Biochip makes droplet test tubes 
         
        
      By 
      Eric Smalley, 
      Technology Research News 
       
      Researchers who are developing biochips 
        are taking two distinct approaches in devising ways to shunt tiny amounts 
        of liquids around. One focuses on finding ways to form microscopic channels 
        and tiny mechanical pumps. The other is aimed at using electricity to 
        maneuver tiny droplets on surfaces.  
         
         Researchers from the University of Texas M.D. Anderson Cancer 
        Center have advanced the second approach with a programmable biochip that 
        uses an array of electrodes to place water droplets on a surface, insert 
        substances into the droplets, and move and merge the droplets. The device 
        contains no moving parts.  
         
         The droplets, which range from 20 to 500 microns in diameter and 
        0.5 to 65 nanoliters in volume, serve as carriers for samples, contaminants, 
        chemical reagents, viral and genetic material, and cells. A nanoliter 
        is one millionth of a milliliter, and there are about 5 milliliters to 
        a teaspoon.  
         
         The device makes it possible to automate biochemical analysis 
        and detection to, for instance, identify pathogens in the field.  
         
         The biochip and its computer controller could eventually be miniaturized 
        and incorporated into portable medical, biological and chemical diagnostic 
        devices, said Jon Schwartz, a research scientist at the University of 
        Texas. "A long-term goal of this research is to provide a fluidic processor 
        technology that can form the core of versatile, automated, microscale 
        devices [for performing] chemical and biological assays at or near the 
        point of care," he said. This will "increase the availability of modern 
        medicine to people who do not have ready access to modern medical institutions." 
         
         
         The biochip contains a 32-by-32 array of electrodes. When energized, 
        electrodes attract water droplets that are suspended in a thin film of 
        liquid hydrocarbon.  
         
         The principle behind the droplet biochip is dielectrophoresis. 

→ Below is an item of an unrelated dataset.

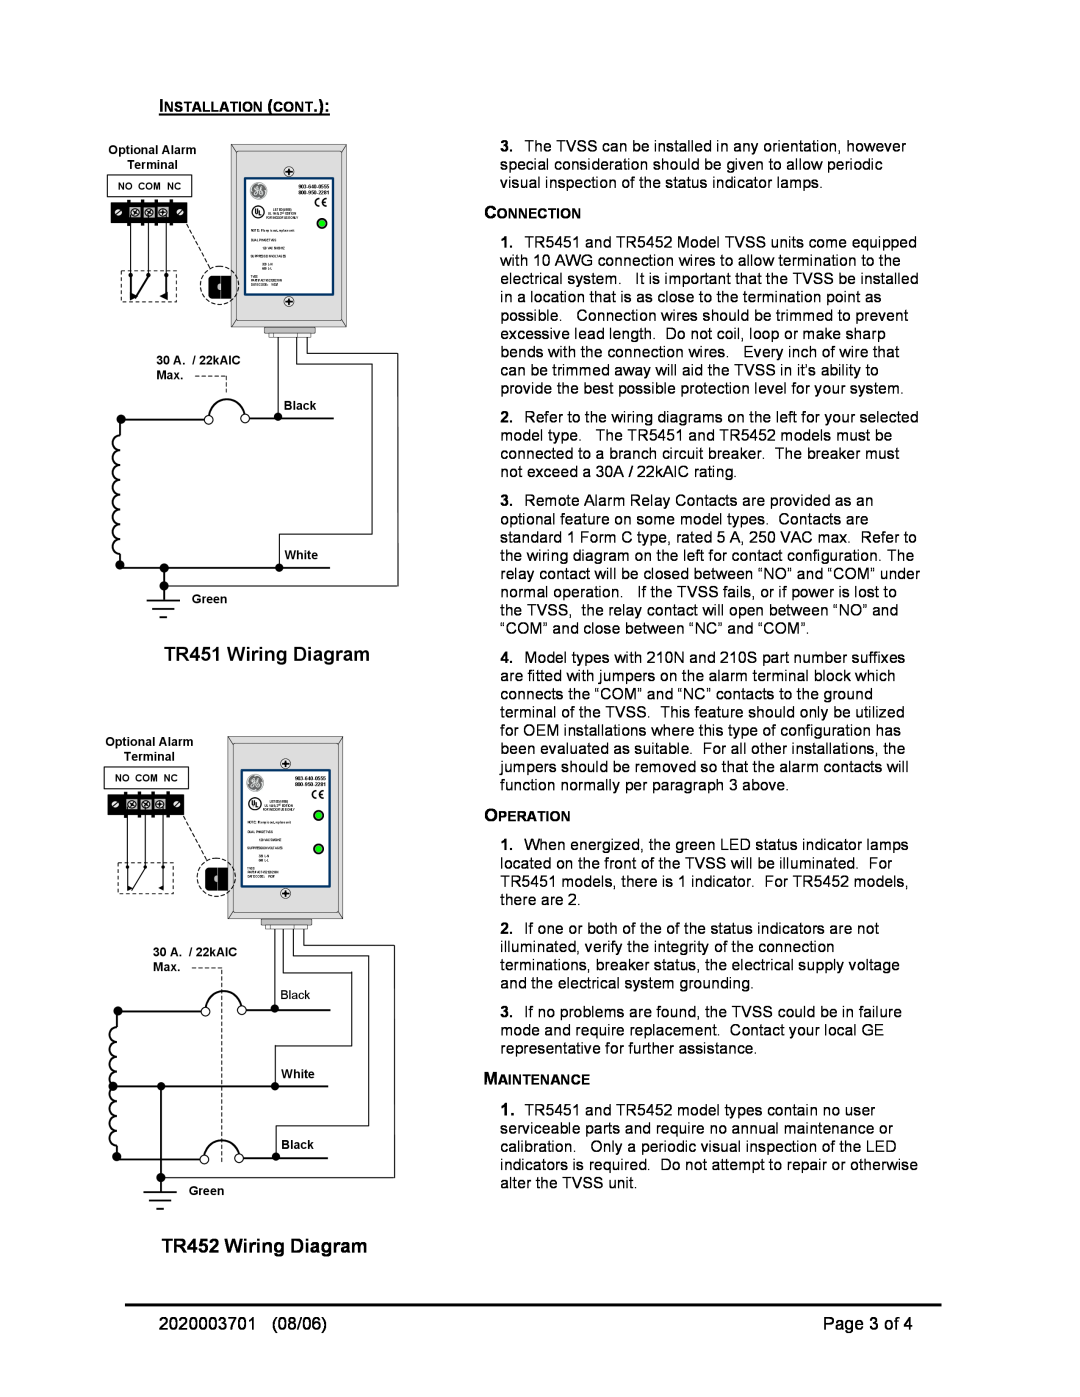 GE TR5452, TR5451 TR451 Wiring Diagram, TR452 Wiring Diagram, Page 3 of, 2020003701 08/06, Installation Cont, Connection

        Small electrically polarized particles or droplets that are suspended 
        in a less polarized medium are attracted to nearby electric fields like 
        those produced by electrodes. Water droplets are naturally polarized because 
        water molecules are not electrically symmetrical; the arrangement of atoms 
        leaves one end of the molecule positive and the other negative.  
         
         Droplets can be moved and merged simply by sending electrical 
        current to the right sequence of electrodes. By programming electrodes 
        in various sequences, multiple droplets can be moved around the chip and 
        merged to mix their contents.  
         
         Droplets are placed on the biochip from liquid-filled pipettes 
        positioned just above the chip's surface. The fluid pressure is kept just 
        below the level needed to flow onto the surface. Turning on an electrode 
        positioned beneath a pipette produces enough force to draw fluid out. 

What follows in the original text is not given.